米国の歴史上、元大統領が刑事犯罪で有罪となるのは初めてのことです。裁判所は量刑言い渡しの日程を7月11日に設定しました。トランプ氏は無罪を一貫して主張しており、控訴する構えを見せています。この歴史的な評決は、今年秋に迫る大統領選挙の行方や、米国の政治情勢に大きな影響を与えることは確実です。

2. 連邦最高裁、銃の連射装置「バンプストック」の規制を無効化

6月14日、連邦最高裁判所は、半自動小銃を機関銃のように連射可能にする装置「バンプストック」の連邦規制を違法とする判断を下しました。 2 これにより、2018年から施行されていた事実上の販売・所持禁止措置は無効となります。

この判決は、保守派6名、リベラル派3名の票決によるものです。多数意見を執筆したクラレンス・トーマス判事は、「連邦法が定義する自動小銃(マシンガン)に、バンプストックを装着した銃は該当しない」との見解を示しました。

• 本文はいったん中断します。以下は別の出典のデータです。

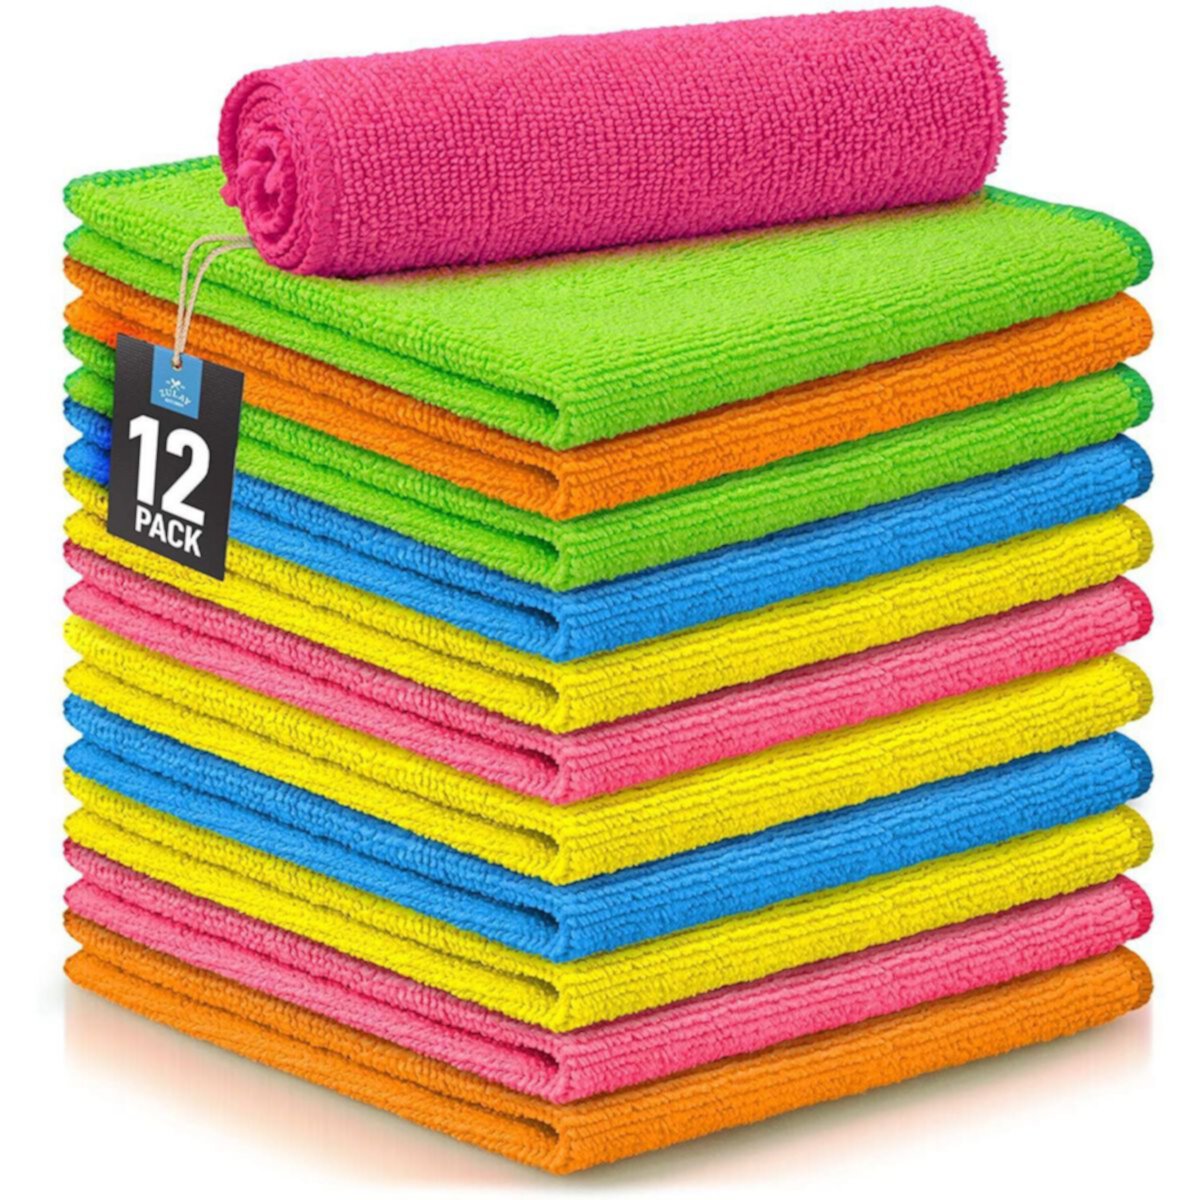 Microfiber Cleaning Cloths - 12 Pack Zulay

一方、ソニア・ソトマイヨール判事らリベラル派3名は反対意見を表明。この決定が銃乱射事件を助長し、「致命的な結果」を招きかねないと警鐘を鳴らしています。2017年のラスベガス乱射事件では、犯人がバンプストックを使用し多数の死傷者を出した経緯があり、今回の判断は全米の銃規制を巡る議論に大きな波紋を広げています。

3. 連邦最高裁、経口妊娠中絶薬へのアクセスを維持

連邦最高裁は6月13日、経口妊娠中絶薬「ミフェプリストン」へのアクセスを維持する判断を全会一致で下しました。 3 これは、下級審が出したこの薬への規制を強化する決定を差し止めるものです。これにより、当面の間はミフェプリストンを従来通り入手できることになります。

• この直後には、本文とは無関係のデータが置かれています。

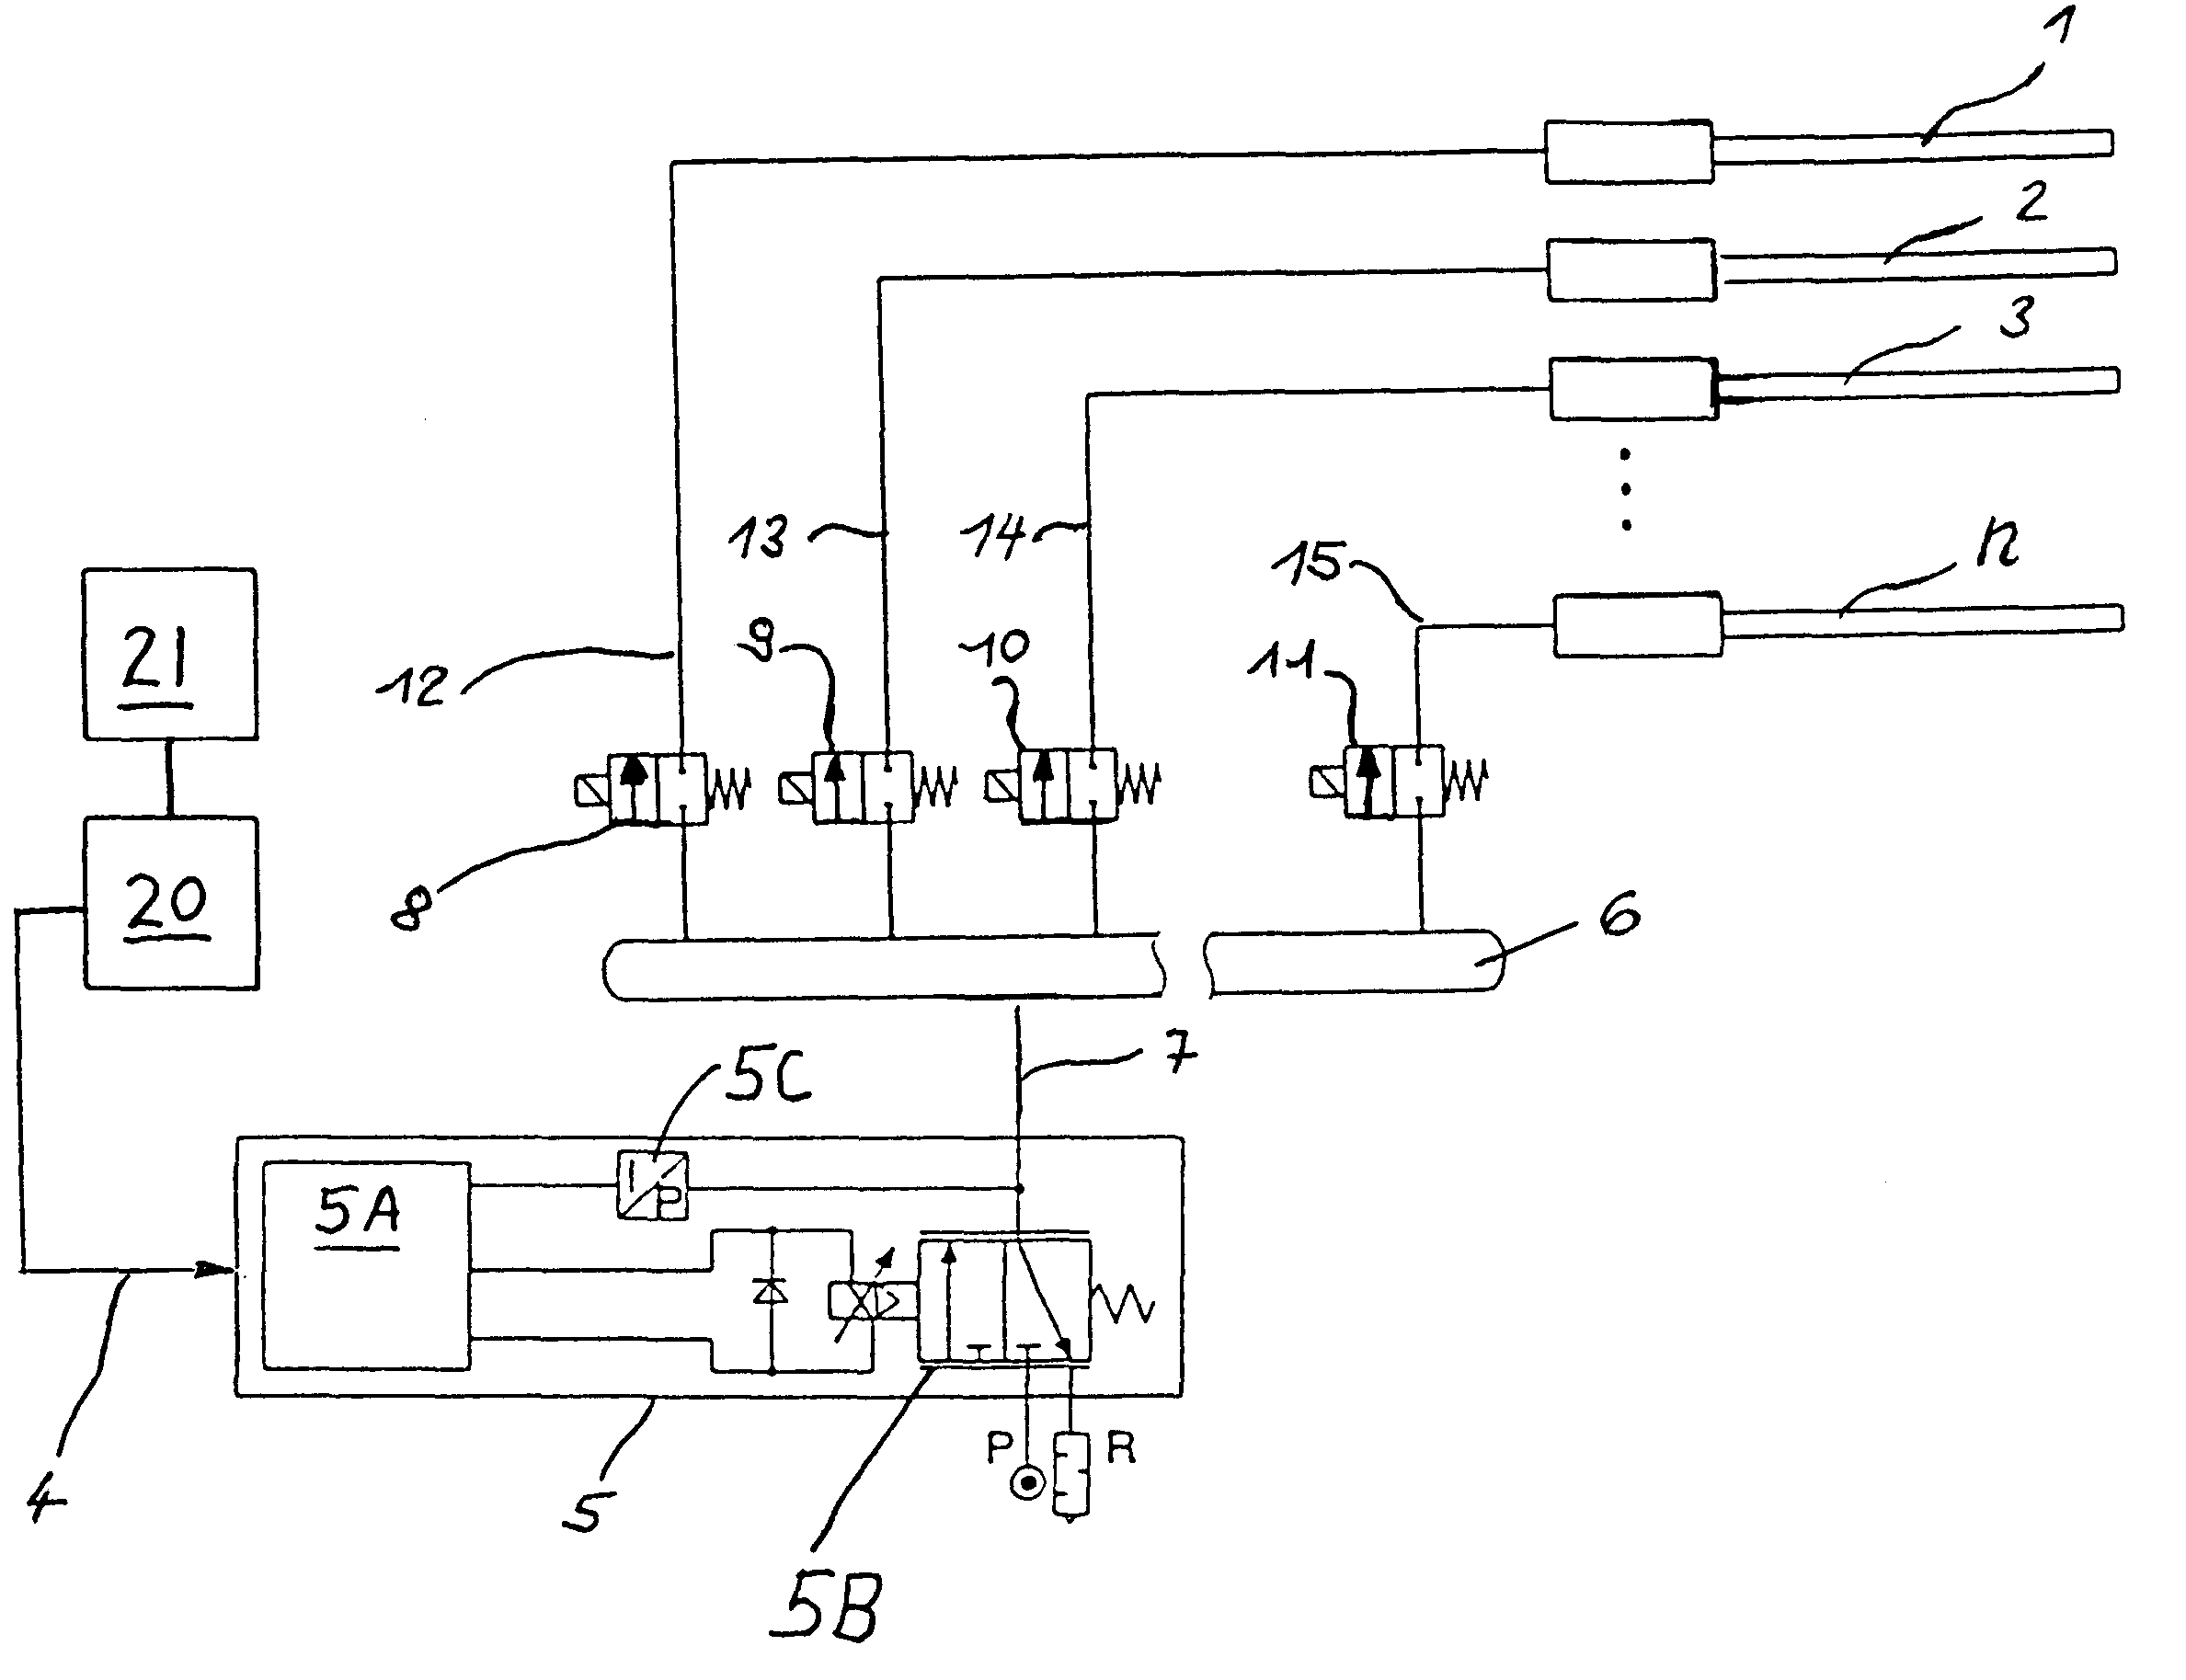 Air supply controller for weft insertion nozzles in an air jet loom

ただし、今回の判断は手続き上の理由に基づくものでした。 4 薬の安全性や、米食品医薬品局(FDA)の承認権限に関する本質的な判断は避けられています。³ 権利擁護団体は安堵しつつも、将来的に再び法的な挑戦が行われる可能性が残っているとして、警戒を続けています。³

4. 最高裁、スターバックスの労組活動家解雇を支持

最高裁は6月14日、大手コーヒーチェーンのスターバックスが労働組合の組織化に関わった従業員を解雇した問題について、8対1で企業側の主張を支持する判決を下しました。³

この裁判は、テネシー州メンフィスの店舗で組合結成を主導した7人の従業員が解雇されたことを巡るものです。不当労働行為であるとの訴えが起きていましたが、最高裁は会社の解雇措置を違法とは言えないと判断しました。リベラル派のケタンジ・ブラウン・ジャクソン判事のみが一部反対意見を述べました。労働組合側はこの判決に強く反発しており、近年の大企業における組合結成の動きに冷や水を浴びせる結果となりました。

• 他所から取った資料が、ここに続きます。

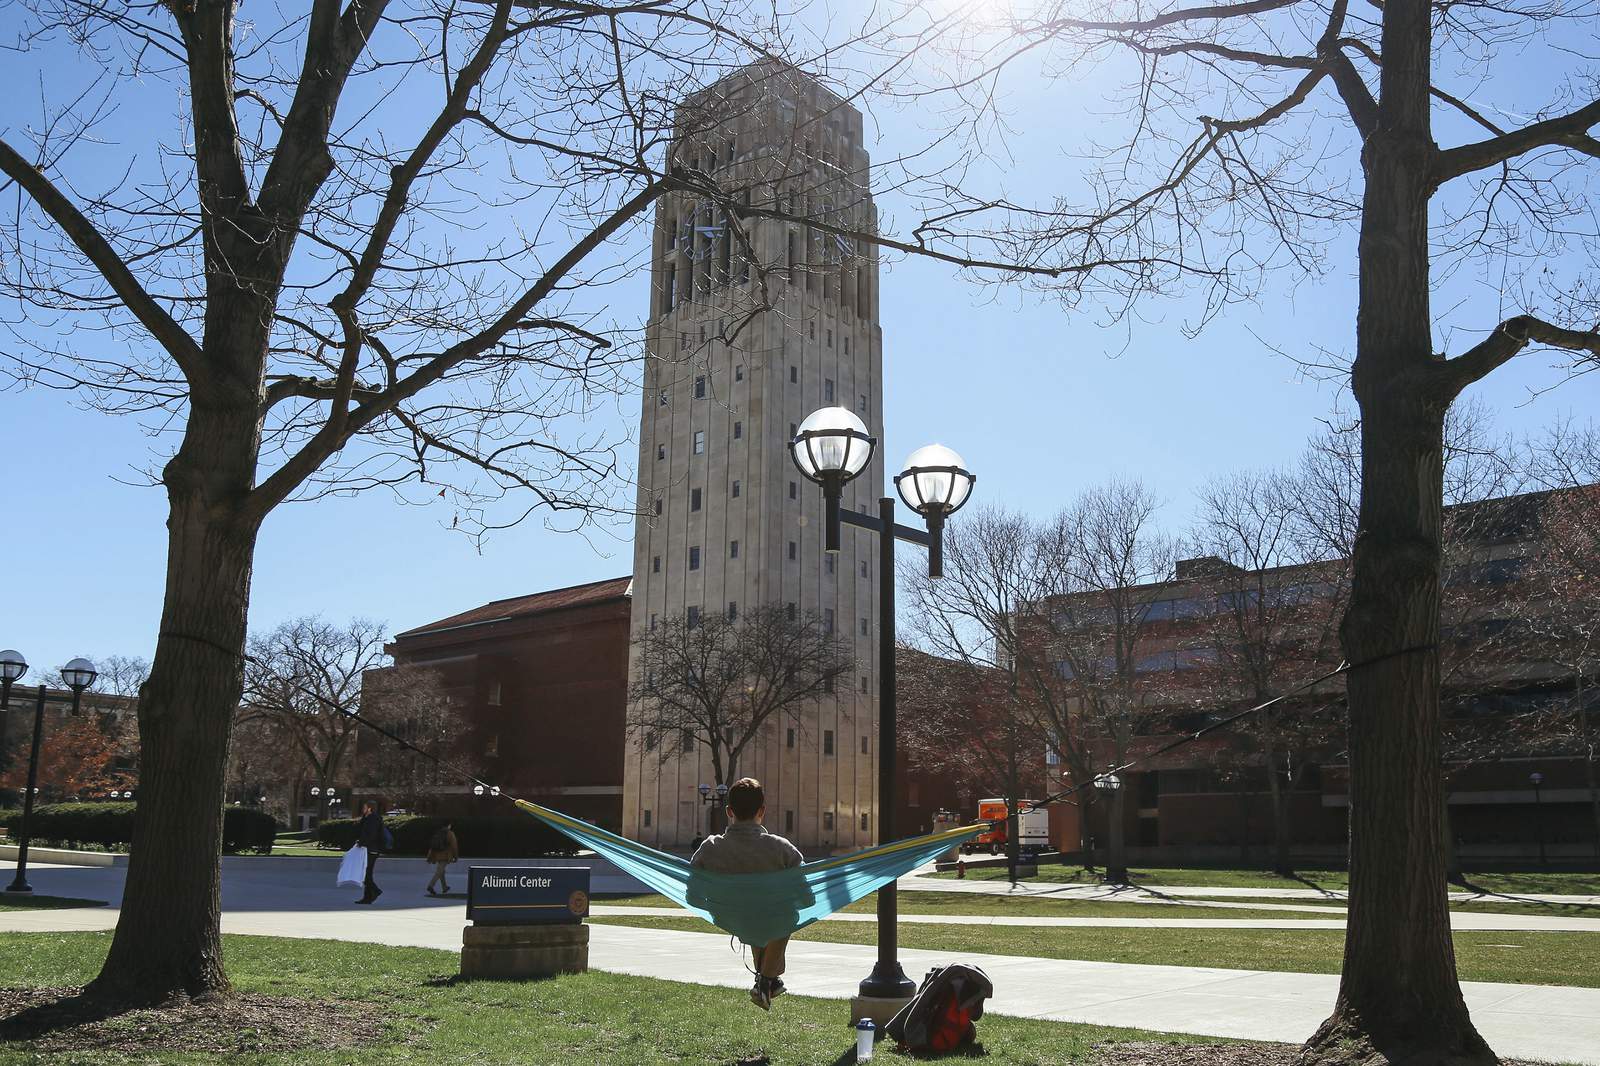 University of Michigan academic calendar: Here are the new dates for fall, winter semesters

5. 下院共和党、ガーランド司法長官を議会侮辱罪で告発

野党・共和党が多数派を占める連邦下院は6月12日、メリック・ガーランド司法長官を「議会侮辱罪」で告発する決議案を賛成216、反対207で可決しました。 5

これは、バイデン大統領の機密文書取り扱い疑惑に関する調査で、司法省が議会の召喚に応じず、大統領のインタビュー録音の提出を拒んだことに対する措置です。ガーランド長官は、大統領特権を理由に提出を拒否しています。司法長官に対する議会侮辱決議は歴代3人目となりますが、この決議に法的な拘束力はありません。バイデン政権下の司法省が自ら長官を起訴する可能性は低く、実質的な影響は限定的とみられています。

6. ミネソタ州の元女性議長夫妻が射殺される、政治的動機か

6月10日前後、ミネソタ州で民主党の元州下院議長メリッサ・ホートマン氏とその夫が自宅で射殺されるという衝撃的な事件が発生しました。 6 また、別の男性州議員夫妻も負傷しています。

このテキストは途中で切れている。